Import local packages relative to the location of the script
jboulter11 opened this issue · comments
Problem:
Scripts inside a git repository which share local packages can only be run from one directory.
If I have a directory structure like this:
git repo root
| - Scripts/
| - script.swift
| - MyPackage/
And I import MyPackage in script.swift like this:
import MyPackage // ./MyPackage
I can only run the script from the Scripts directory. I can't specify an absolute path because it's a git repository that might be checked out to any location.
Proposed Solution:
Paths should be able to be specified as relative to the script's file location rather than only allowing relative paths with respect to the current working directory.
- Allow local paths to be specified with some different syntax, perhaps like:
import MyPackage // #/path/to/package
- Detect location of script being run via command line inputs
- Combine location of script and location of package when resolving local paths with relative-to-script syntax to produce the path relative to the current working directory for the same execution as the existing relative paths.
./Scripts/script.swift + #/path/to/package == ./Scripts/path/to/package
Questions:
- Are you open to pull requests for this functionality?
- What should the syntax be exactly? I'm not in love with the
#
prefix, can we think of something better?...
could be an option? - Do we indeed get the location of the script relative to the working directory in the command line arguments, or does some other method need to be devised?

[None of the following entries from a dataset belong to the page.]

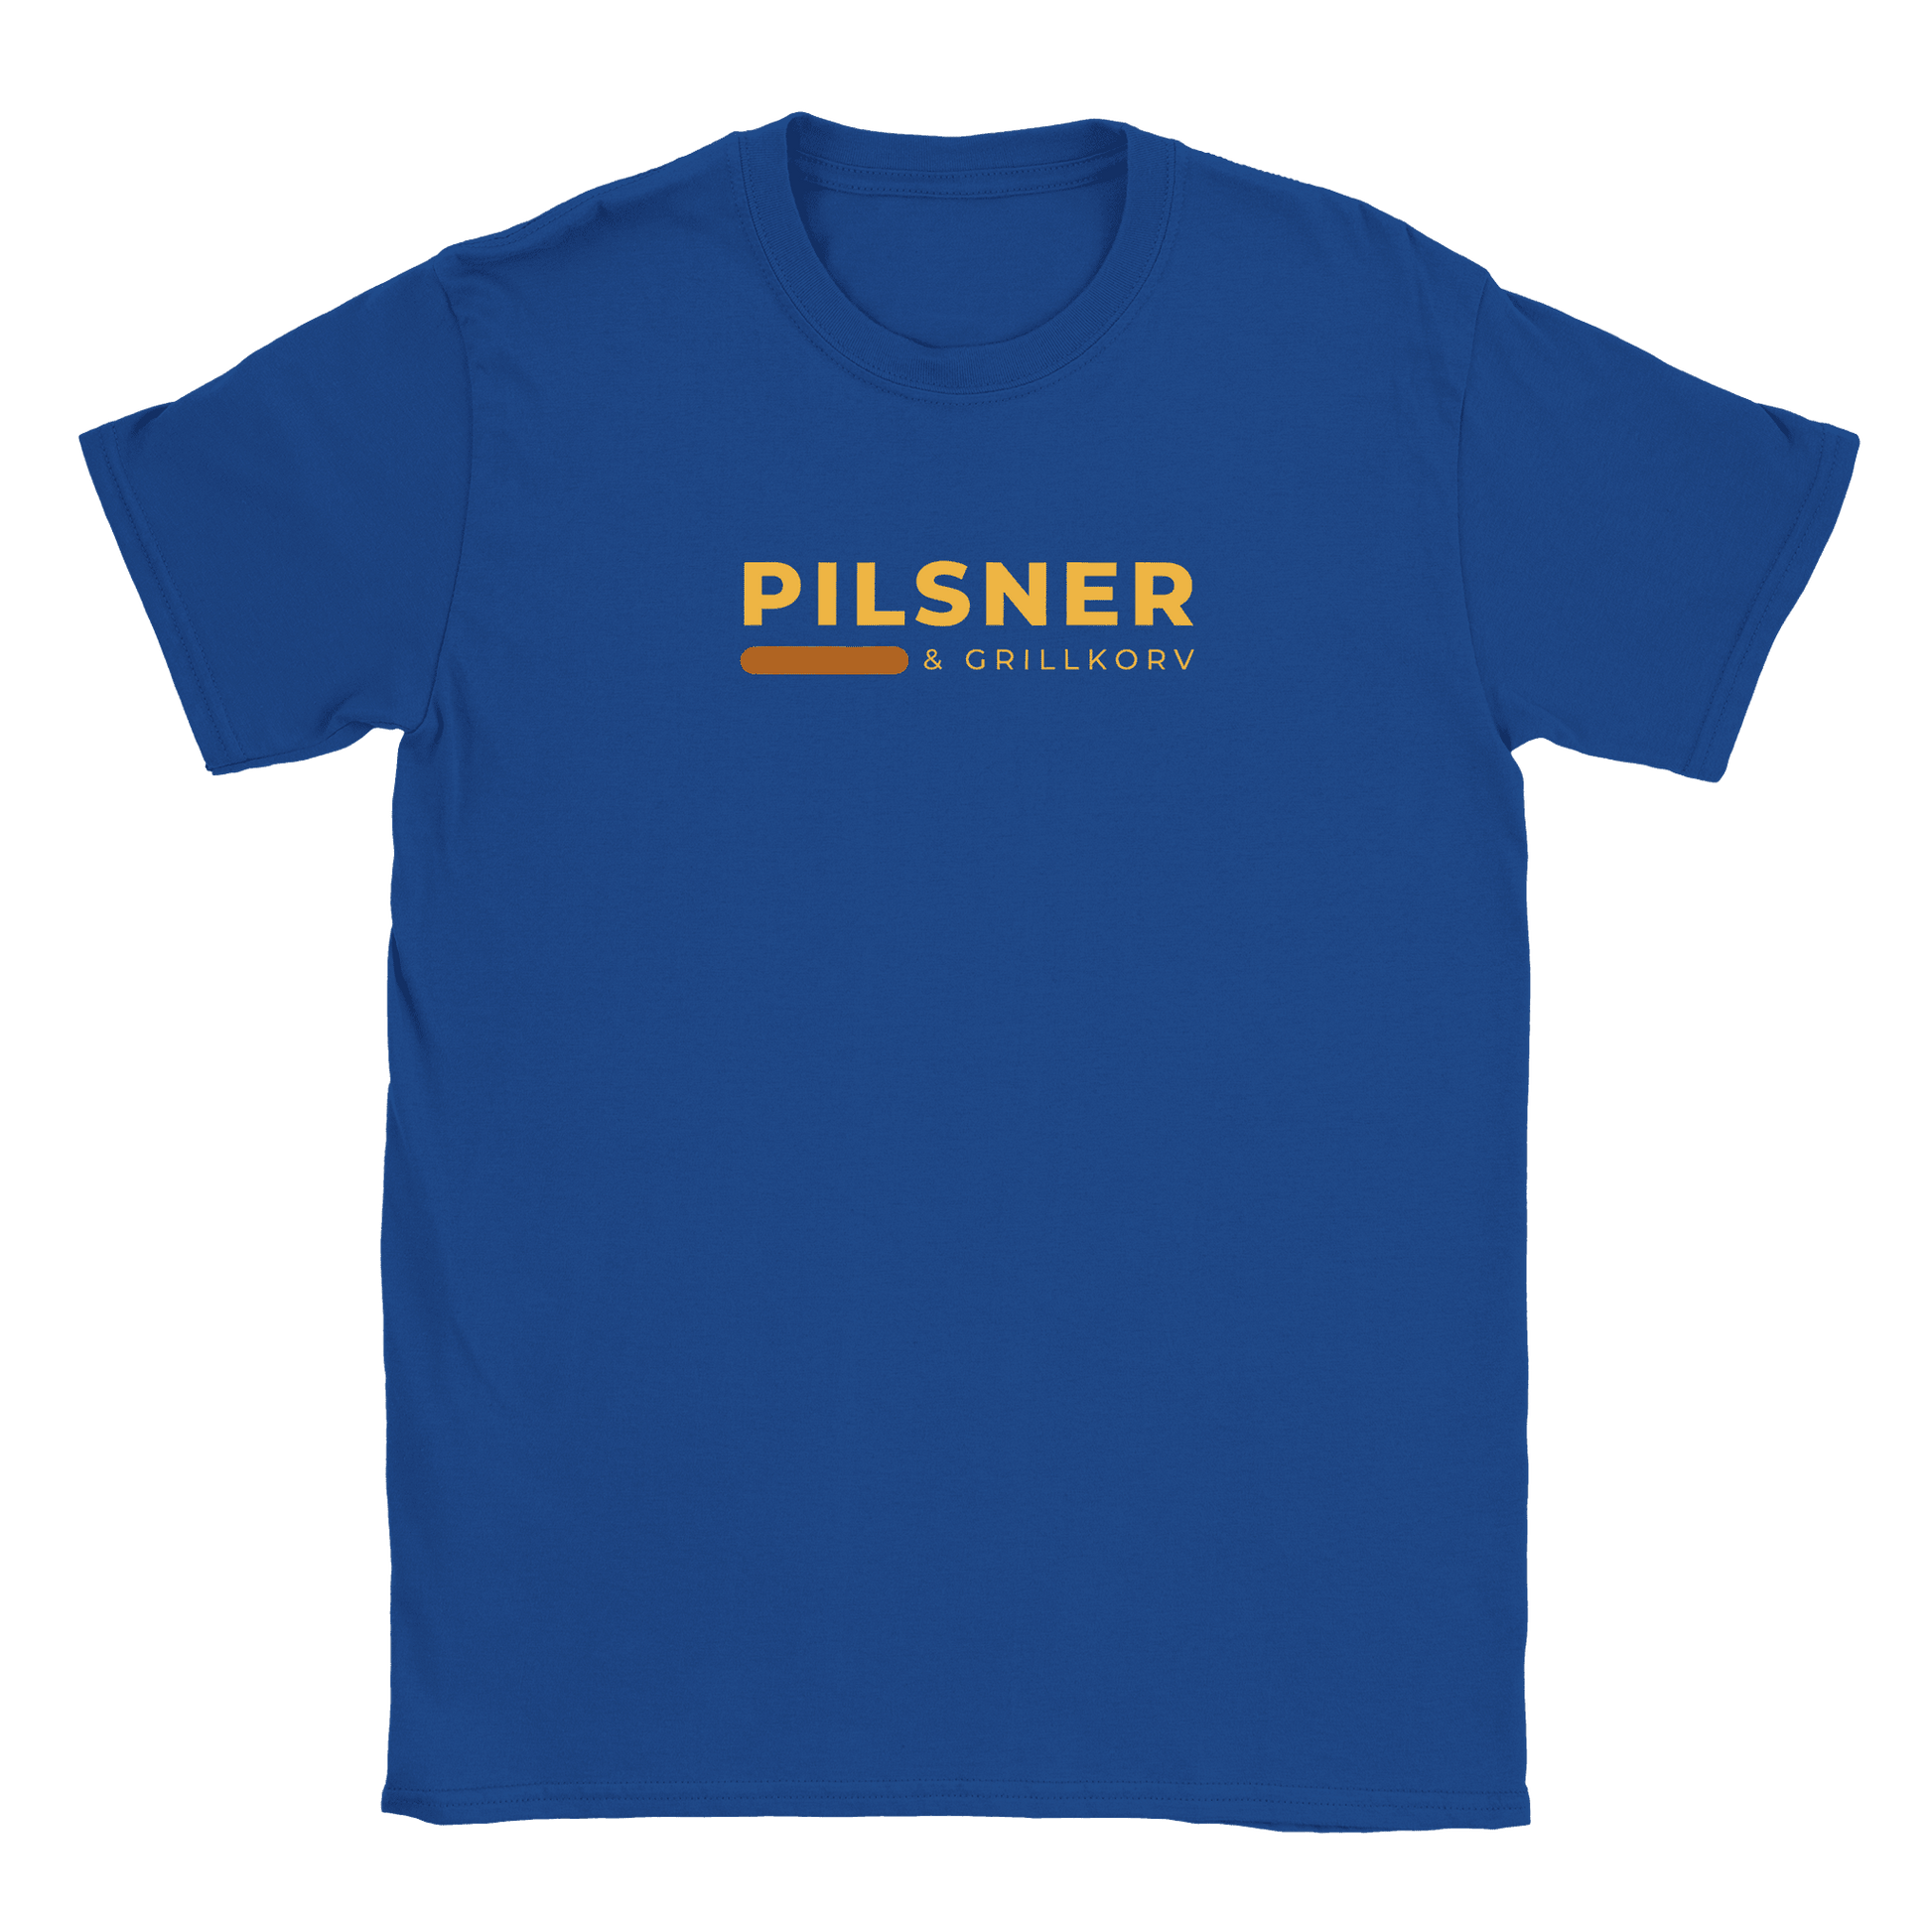 Pilsner och grillkorv - T-shirt Blå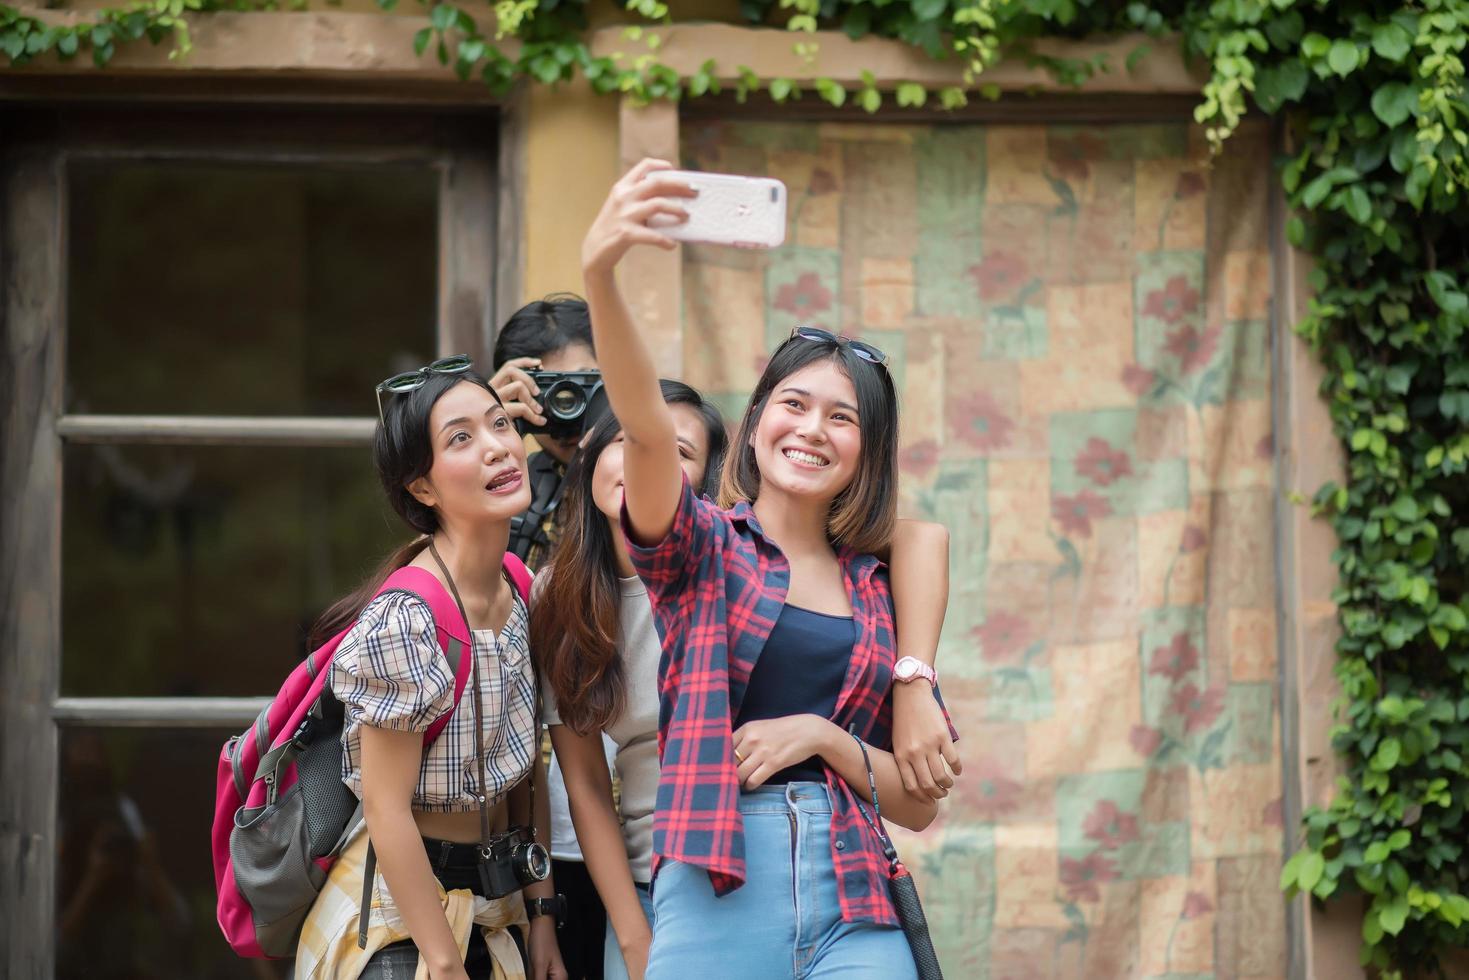 grupp vänner tar en selfie på en stadsgata som har kul tillsammans foto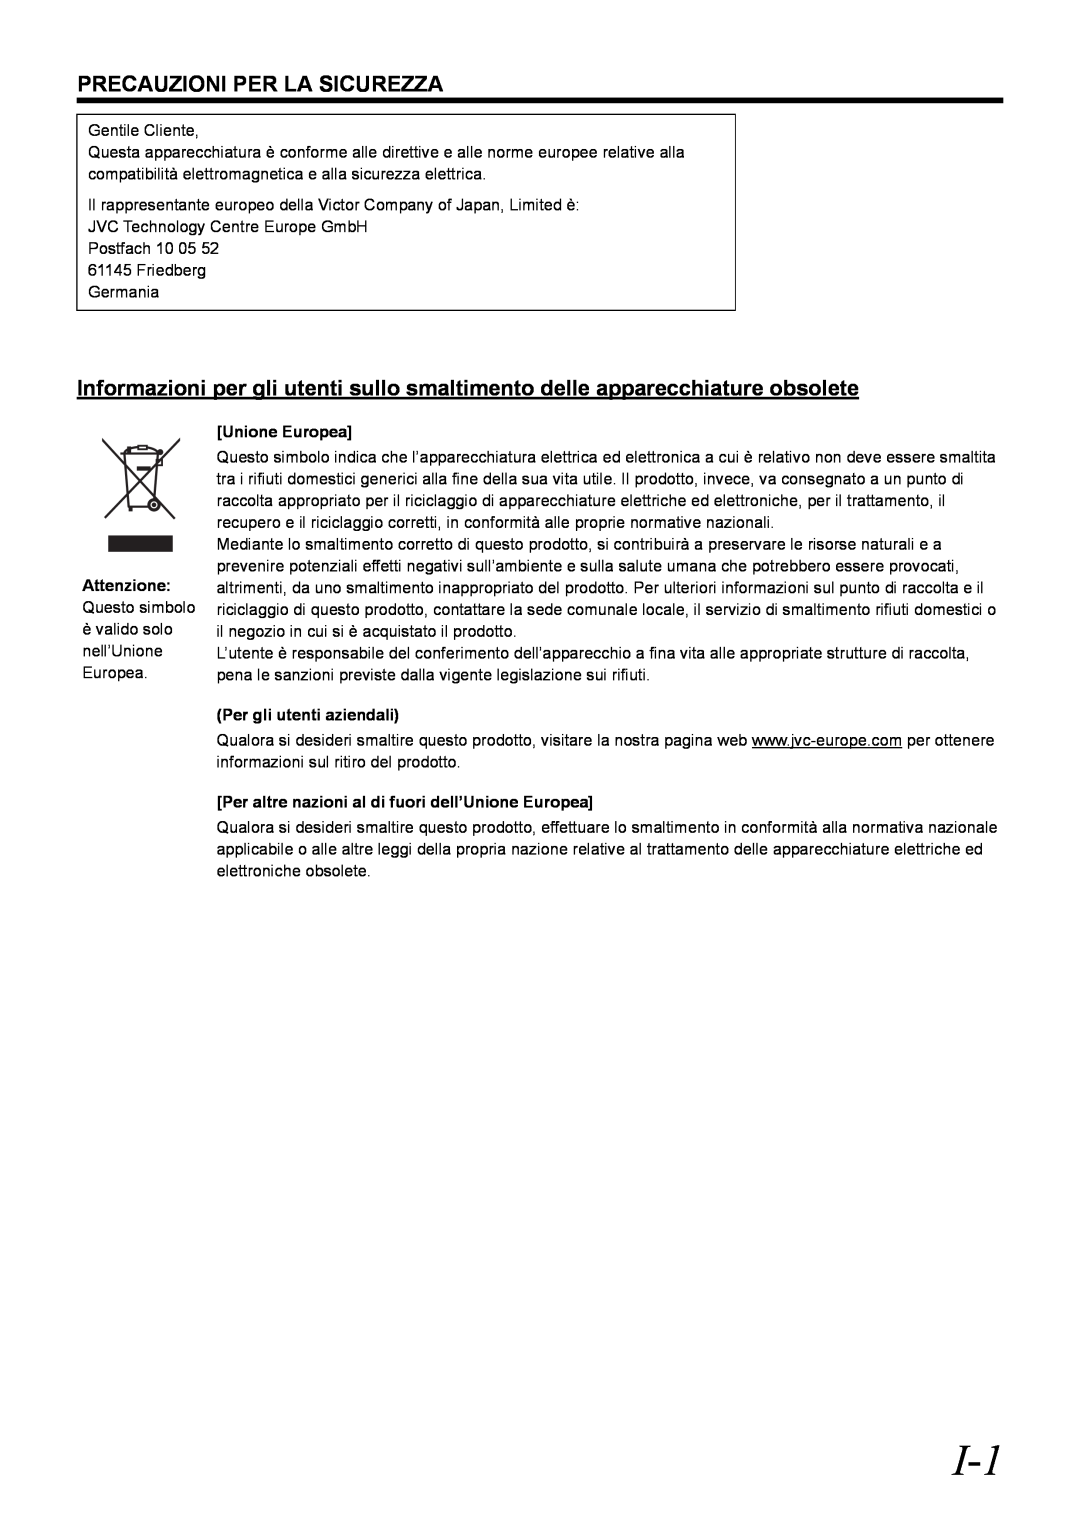 JVC VR-D0U manual Precauzioni Per La Sicurezza, Unione Europea, Per gli utenti aziendali 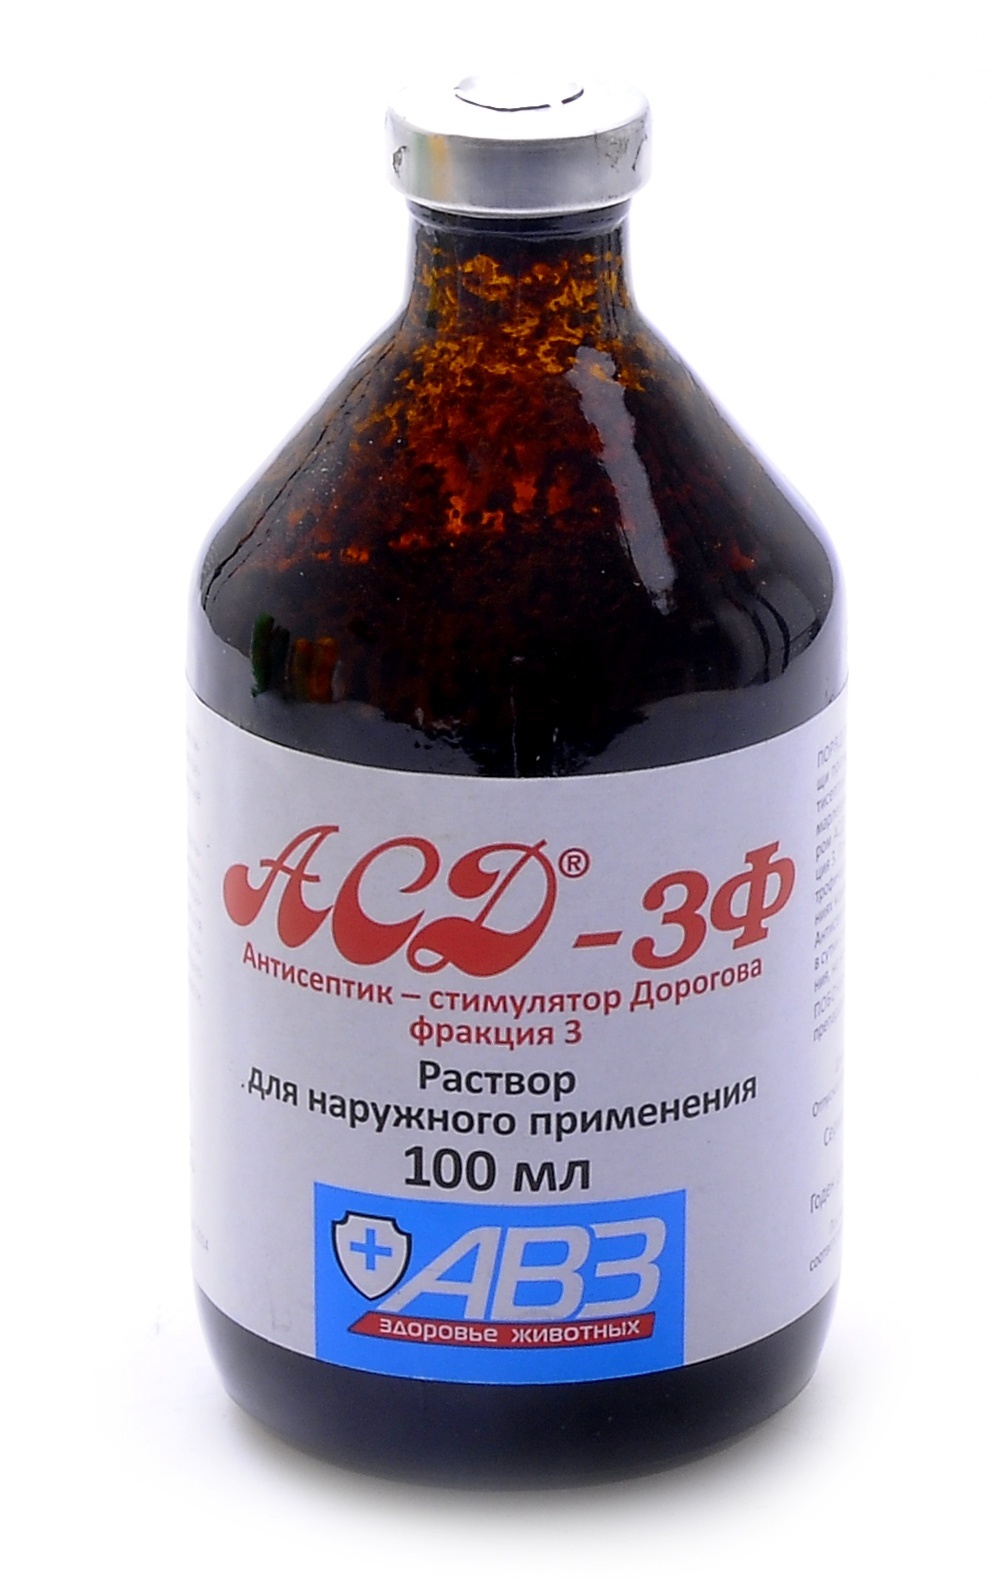 Агроветзащита Агроветзащита аСД-3 - антисептик-стимулятор Дорогова, фракция 3 (100 г) препарат авз асд 2 фракция флакон 1 антисептик 100мл

Seems like a bug, the path should be calculated relative to the script path, not the working directory.
This should be fixed, rather than introducing new syntax.
PR welcome for sure.
I have this working but need a proper way of getting the input script path to the ImportSpecification.DependencyName
initializer.
My plan is to pipe it through like so tomorrow:
run -> ImportSpecification.init -> parse -> InputSpecification.DependencyName.init
I definitely don't want to touch all those methods, but the alternative would be to use a global or singleton to store it and that doesn't seem like a good idea to me. Let me know if you have any better ideas.
ImportSpecification
should know the script directory and pass it up IMO.